Why does this not happen with PrusaSlicer? It's because Cura is pretty unique among slicers in that it allows the user to set a different print speeds for the outer wall vs the inner walls. In fact the default 0.2mm "draft" profile seems to have 60mm/s inner wall speed and 30mm/s outer wall speed. This forces the printer to go from printing the inner walls at a high flow rate, to printing the outer wall at half that flow rate, with basically no time to allow the pressure in the nozzle to dissipate first. That extra pressure results in the bulging line. PrusaSlicer meanwhile doesn't have this feature, so inner and outer walls print at the same speed, and so the volumetric flow and nozzle pressure are both nice and constant and smooth when moving from the inner walls to the outer wall.

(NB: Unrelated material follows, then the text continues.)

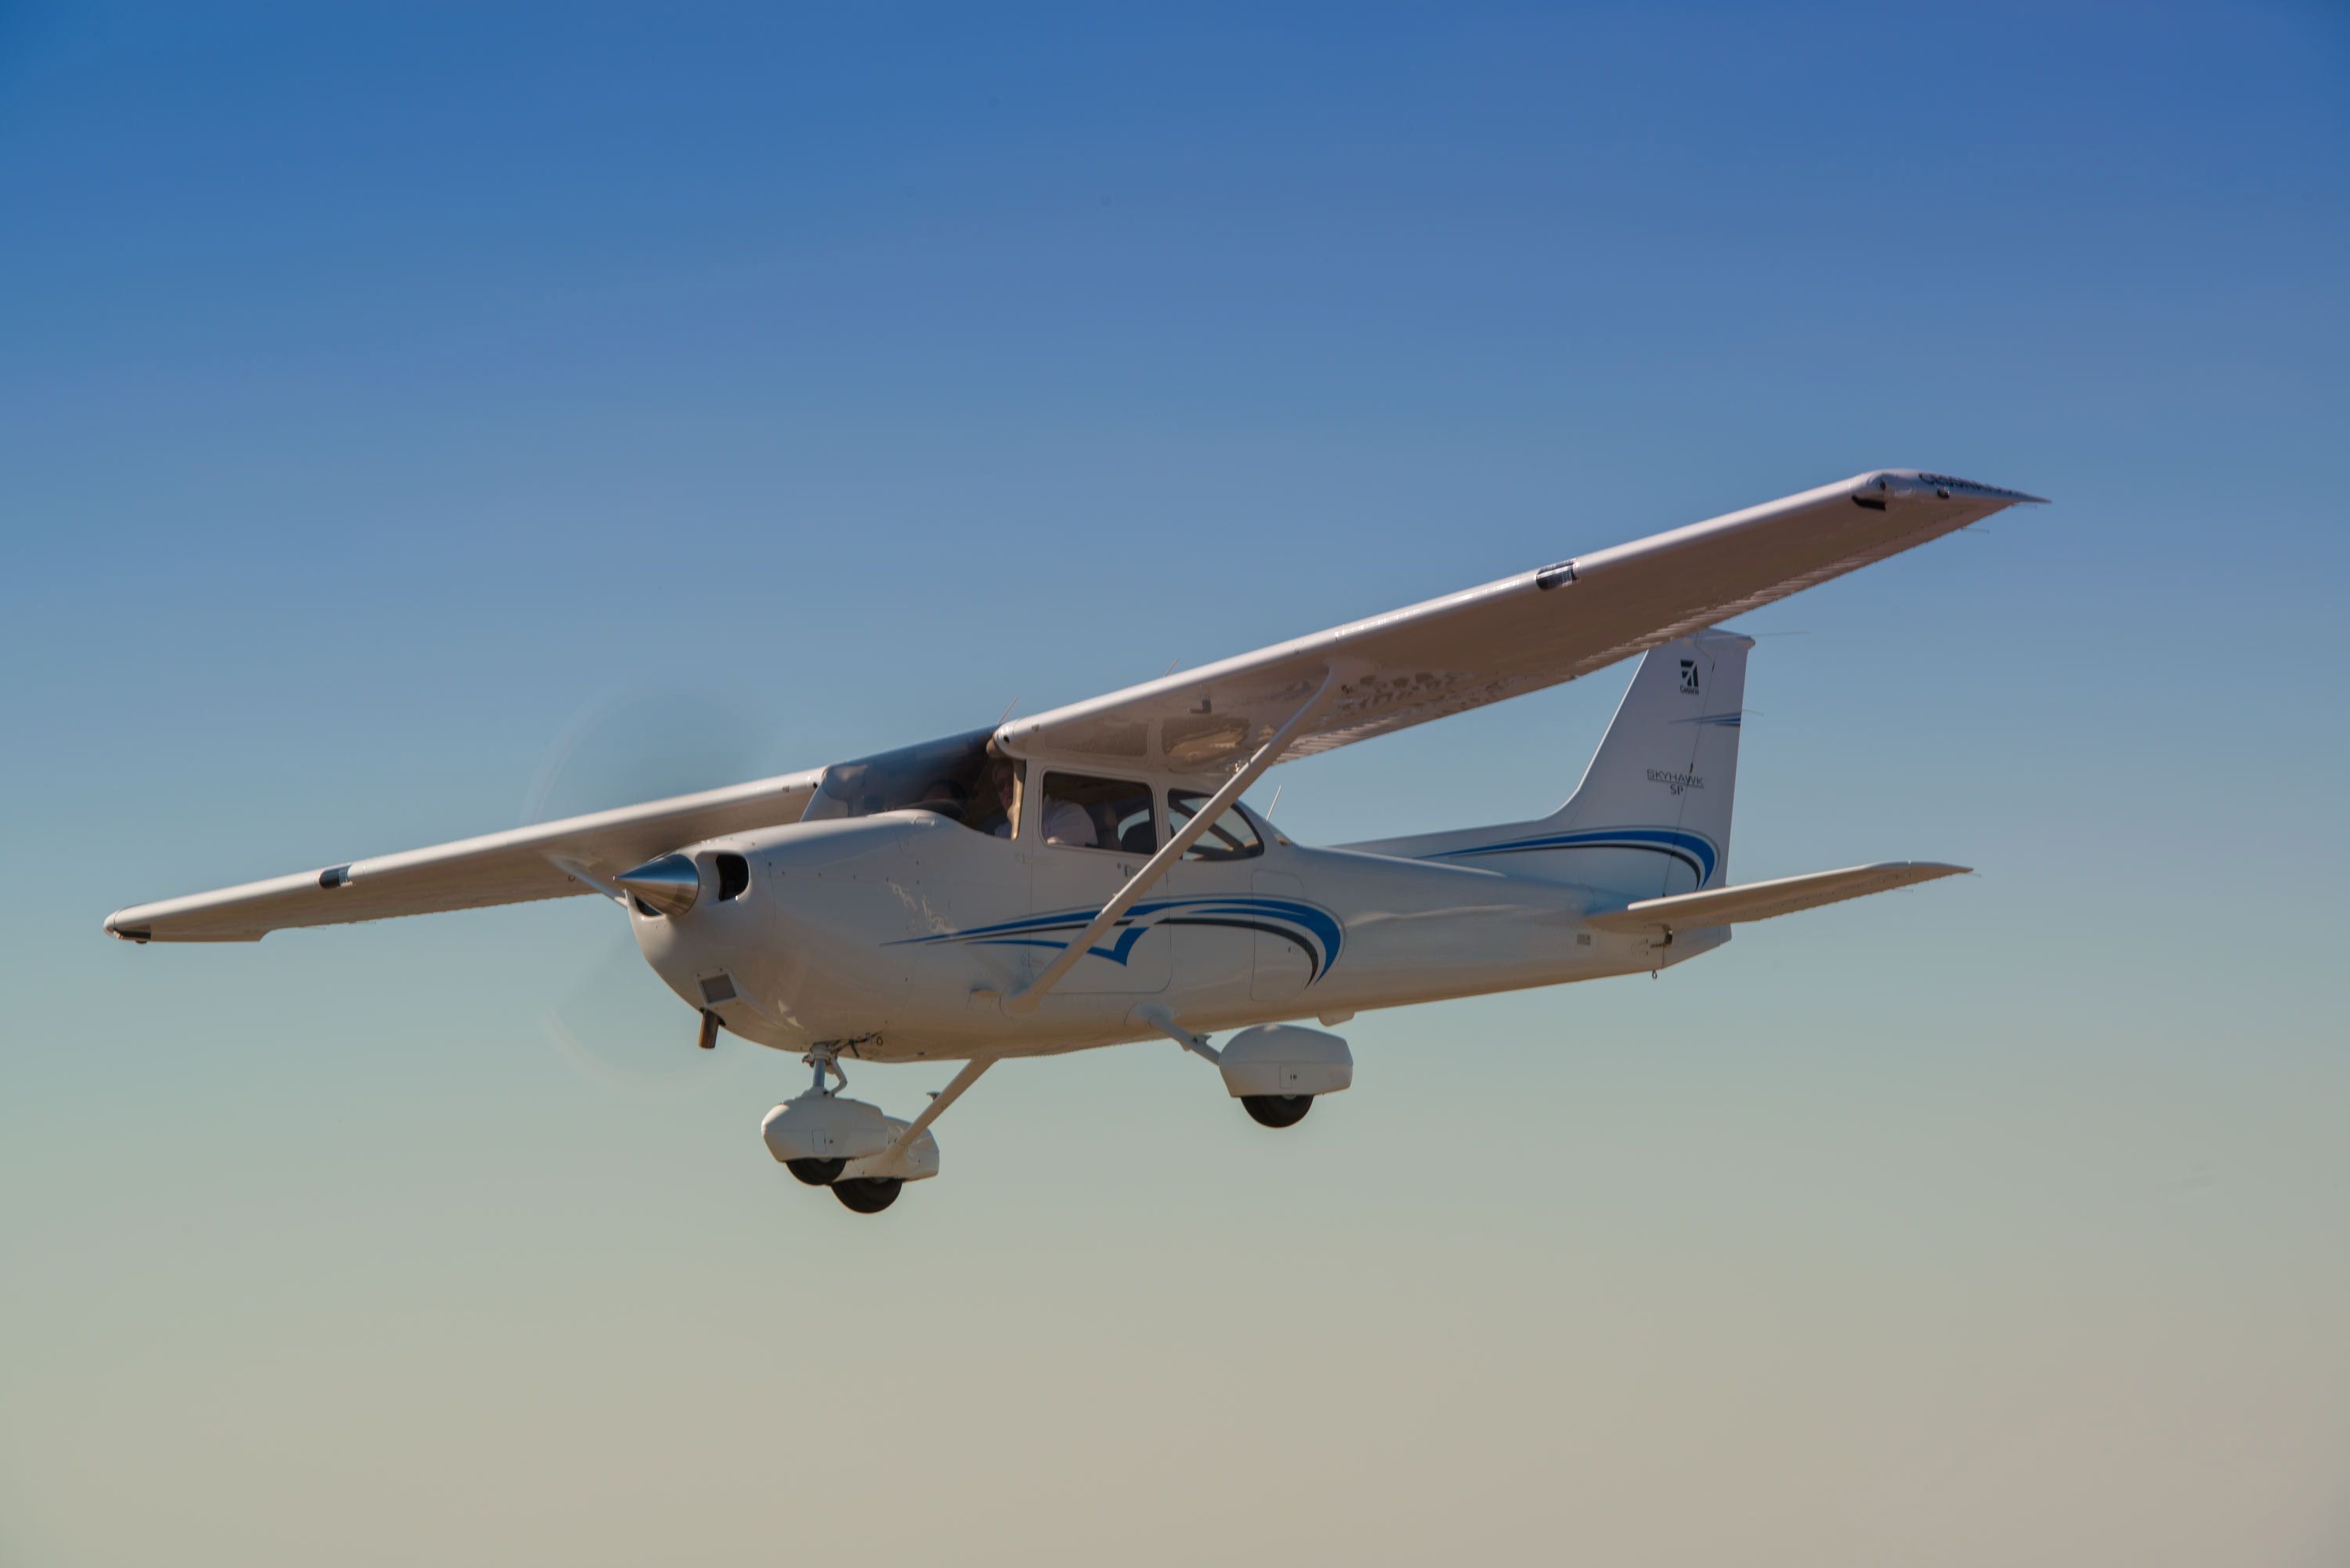 A Cessna 172S Skyhawk flying in the sky.

Technically actually, you can produce the same problem with PrusaSlicer, you just have to try kind of hard. You have to set the infill to print faster than the walls, set the outer wall to print before the inner walls, AND print a small object. This would force the printer to rapidly transition from high flow infill extrusion to low flow outer wall extrusion, resulting in extra pressure in the hotend. And if your object is small as well, the travel move from infill to wall would be short, and so that extra pressure wouldn't have time to dissipate and would cause a bulging line. This doesn't happen in practice very often though, because the way PrusaSlicer is set up makes it unlikely that you'd end up doing this accidentally.

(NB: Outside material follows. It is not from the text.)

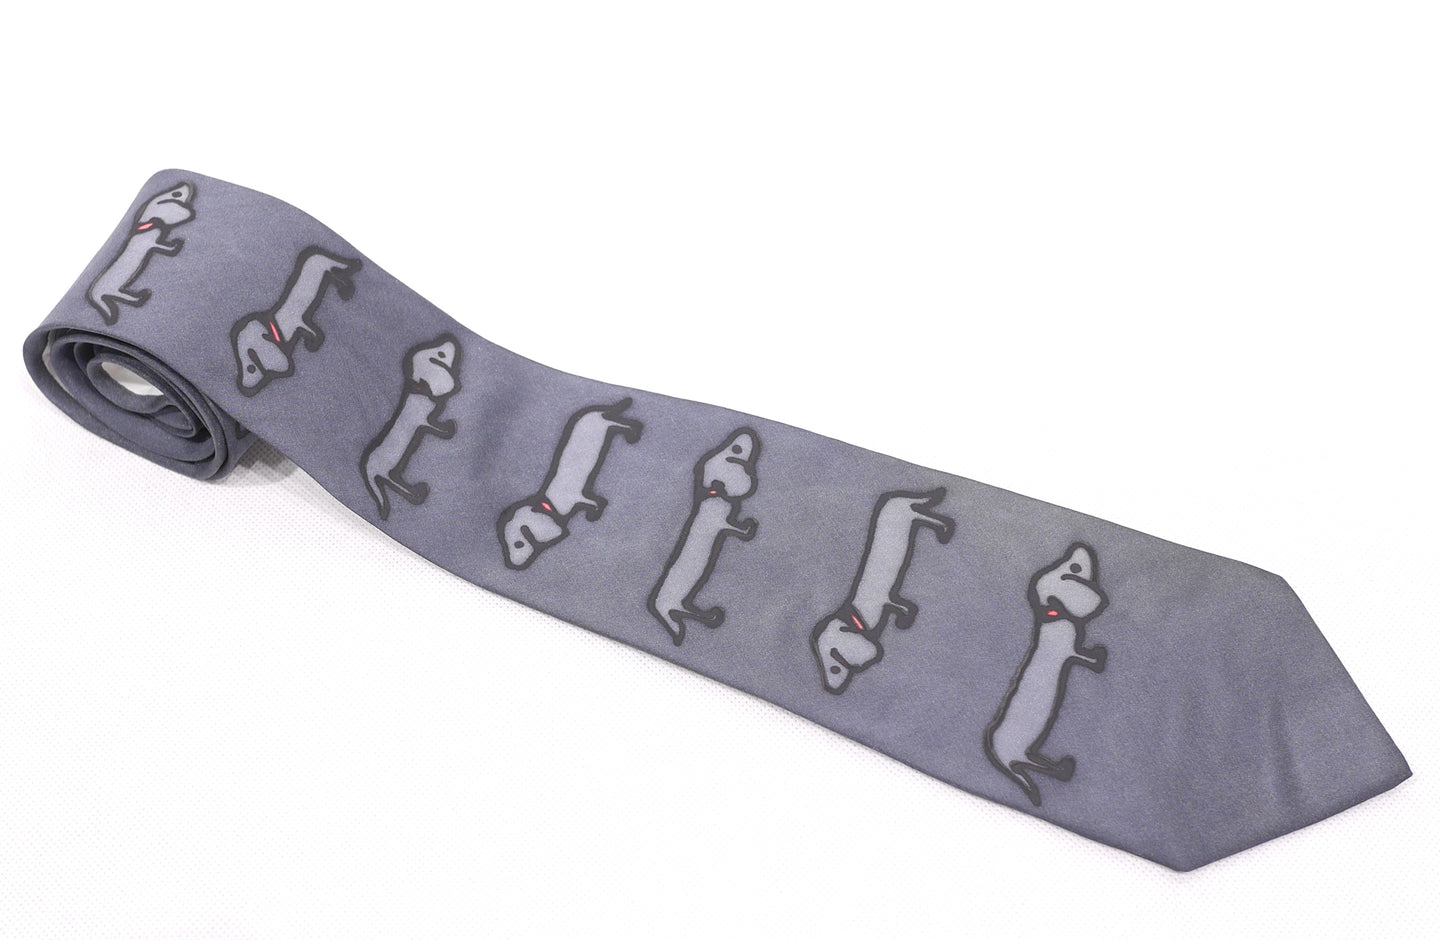 Handpainted silk necktie

So what can we, as Cura users, do about it? The most practical solution is to just print inner and outer walls at the same speed. Simple. There's a bunch of other stuff that can help too, like turning on linear advance (maybe... Marlin's implementation might not be aggressive enough for this situation, more testing needed), significantly reducing jerk and acceleration, forcing a travel between inner and outer walls to give time for the extra pressure and material to ooze out as stringing, force a retraction between inner and outer walls and use a negative retraction extra prime distance, etc etc. But most of these other solutions have major drawbacks and are only useful situationally.